BRIEF: Shown below are entries with pictures; the line with "Nike SB Men's" through the line with "MARC FELD 2010-2016" is the span to retype exactly, and the pictures stay out.

EXTRACTED MATERIAL:

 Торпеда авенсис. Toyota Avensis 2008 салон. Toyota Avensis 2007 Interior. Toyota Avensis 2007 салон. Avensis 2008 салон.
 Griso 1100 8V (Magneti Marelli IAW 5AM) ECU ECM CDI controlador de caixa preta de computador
* * *
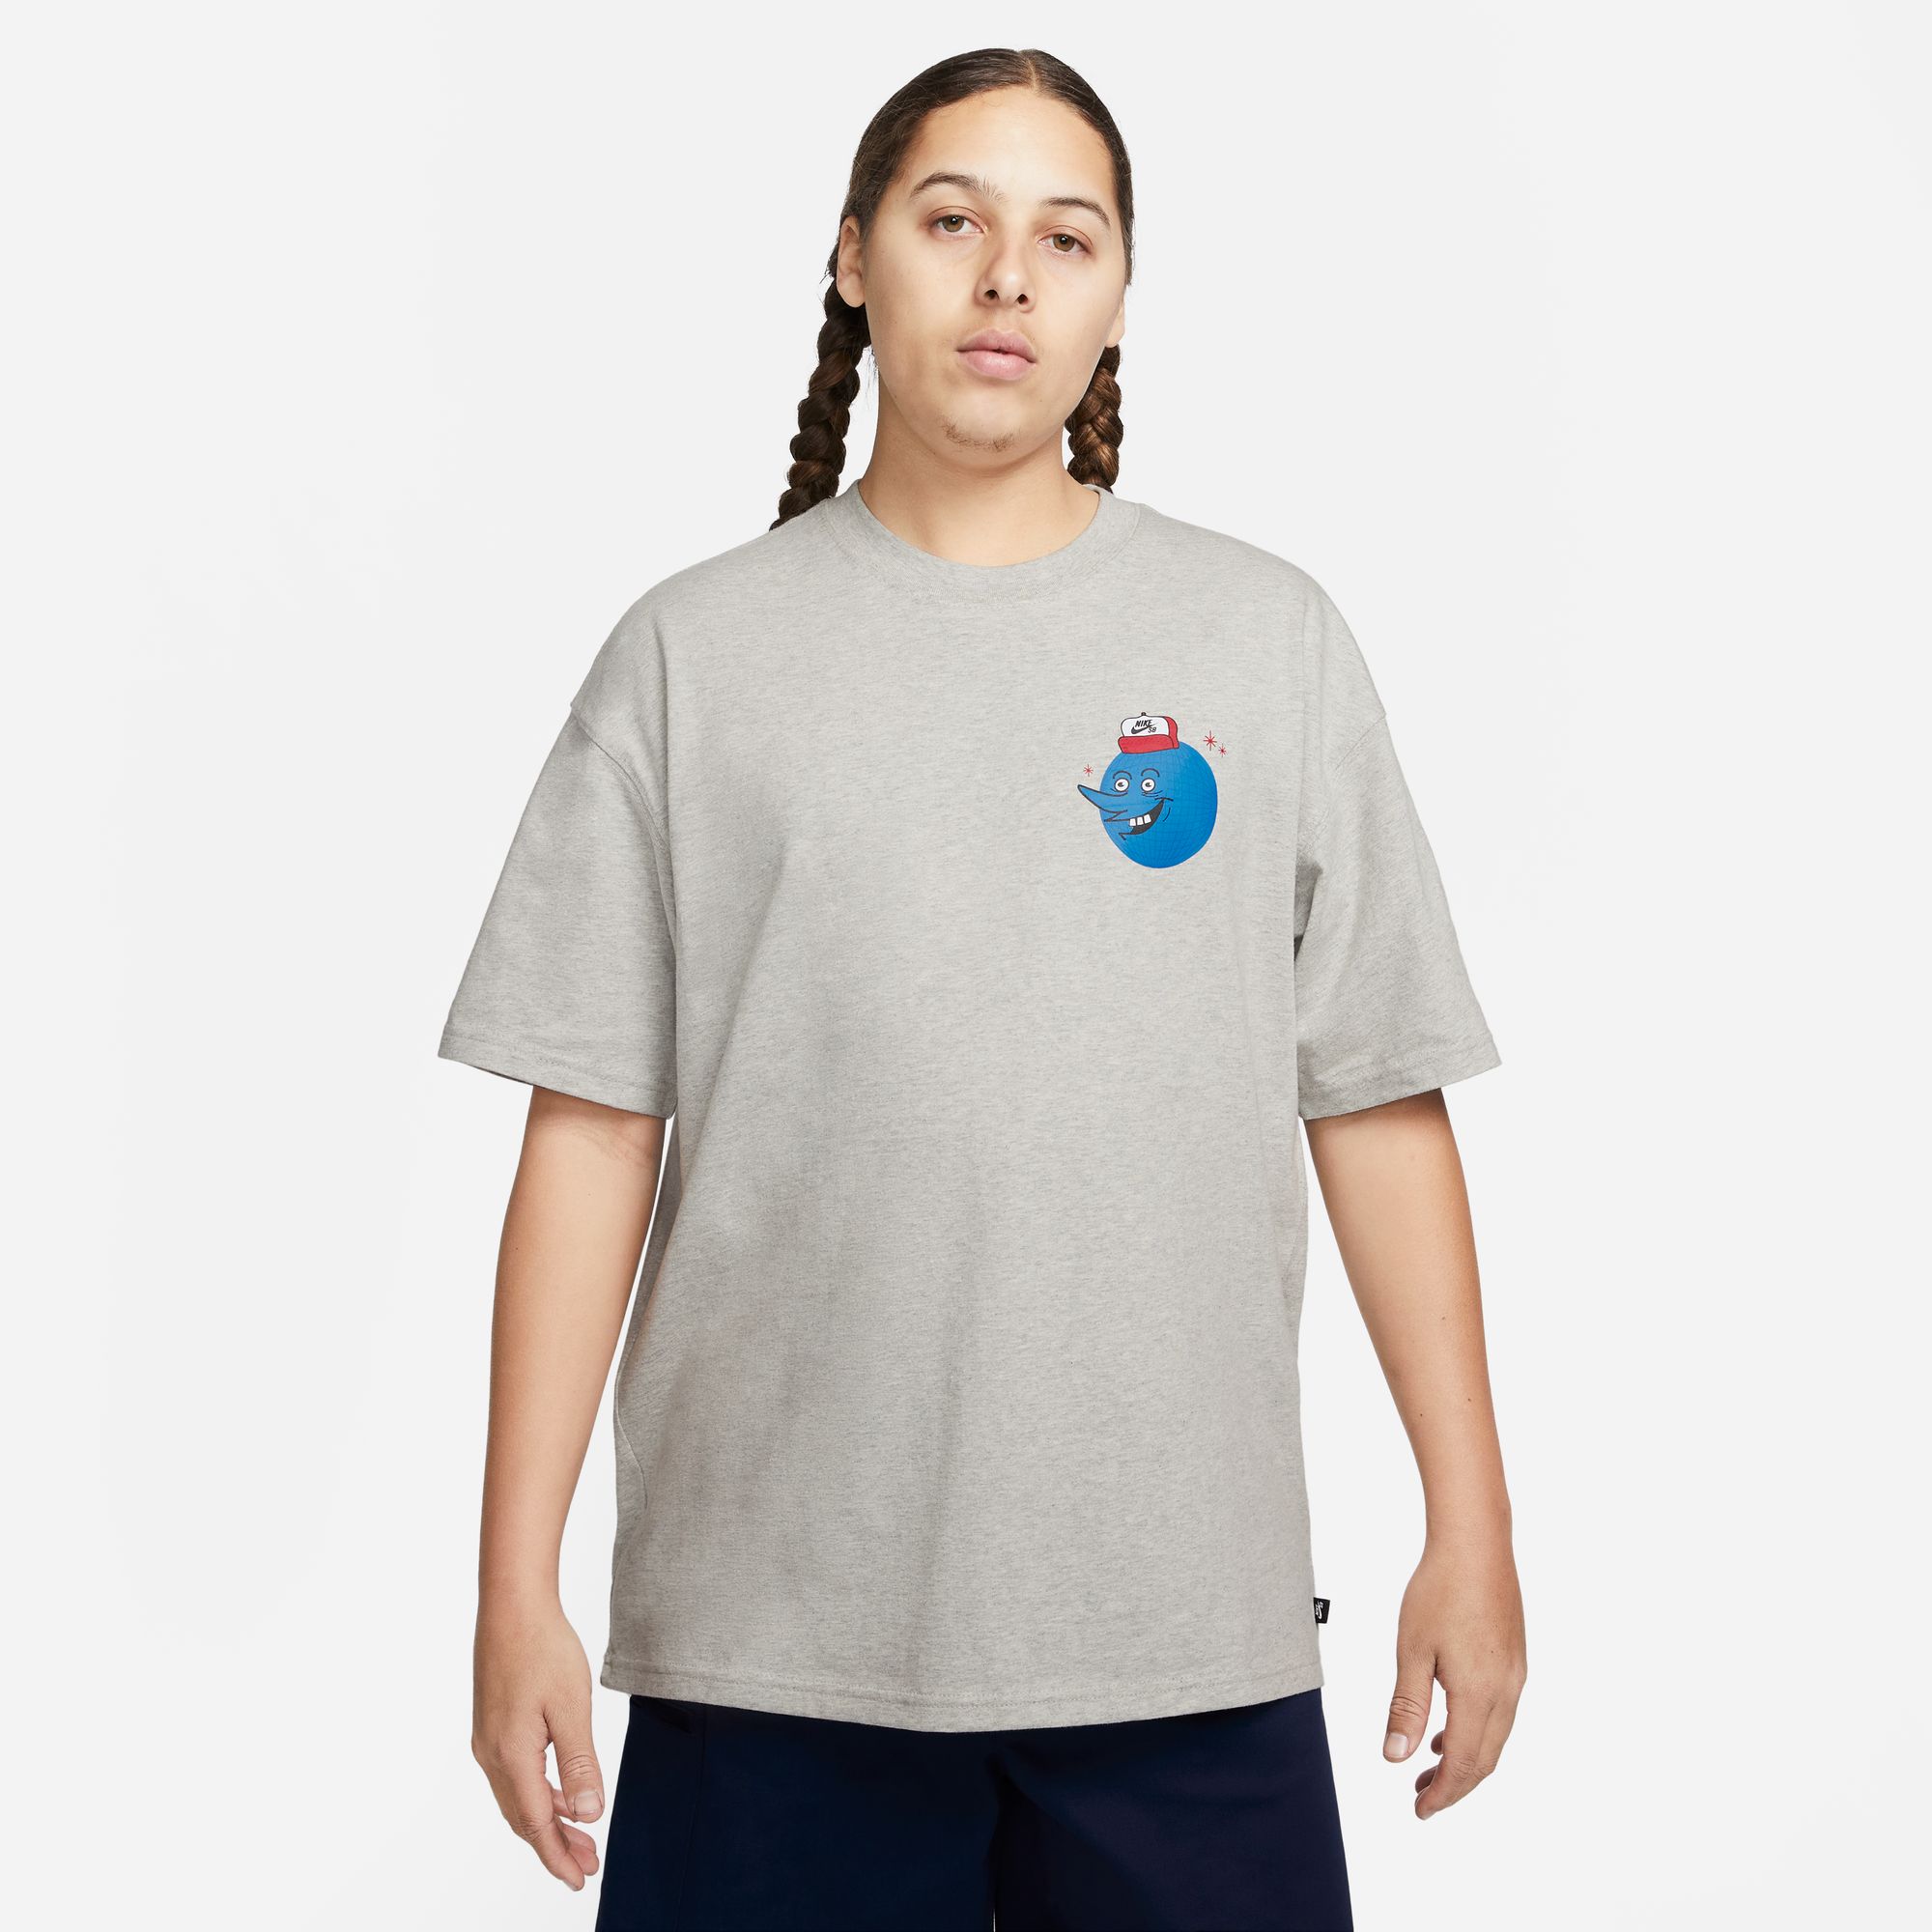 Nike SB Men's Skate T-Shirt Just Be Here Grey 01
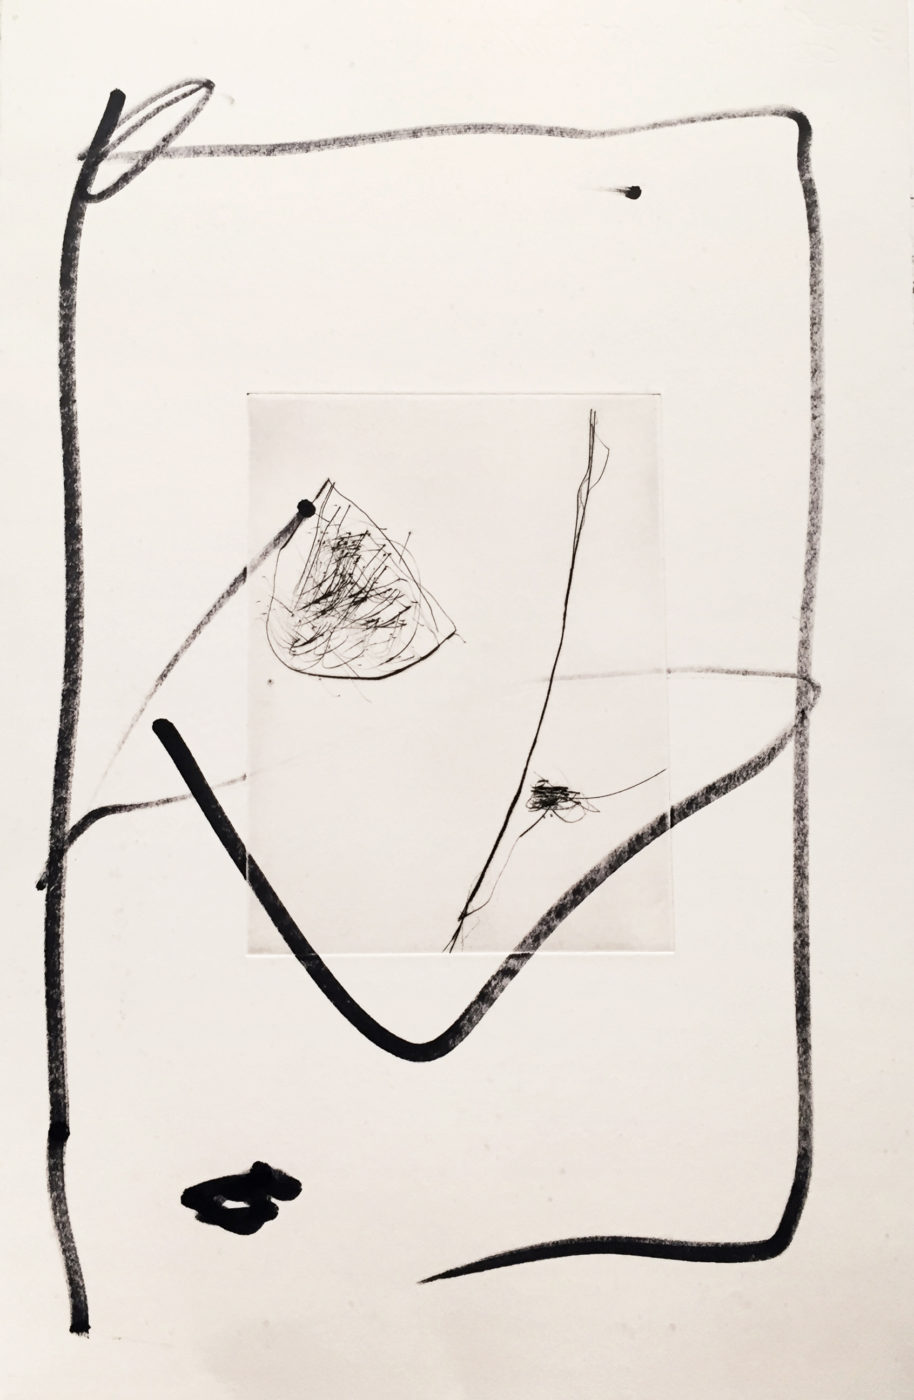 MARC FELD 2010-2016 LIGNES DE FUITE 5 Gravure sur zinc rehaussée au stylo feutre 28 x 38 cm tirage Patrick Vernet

ANSWER:
 Nike SB Men's Skate T-Shirt Just Be Here Grey 01
 MARC FELD 2010-2016 LIGNES DE FUITE 5 Gravure sur zinc rehaussée au stylo feutre 28 x 38 cm tirage Patrick Vernet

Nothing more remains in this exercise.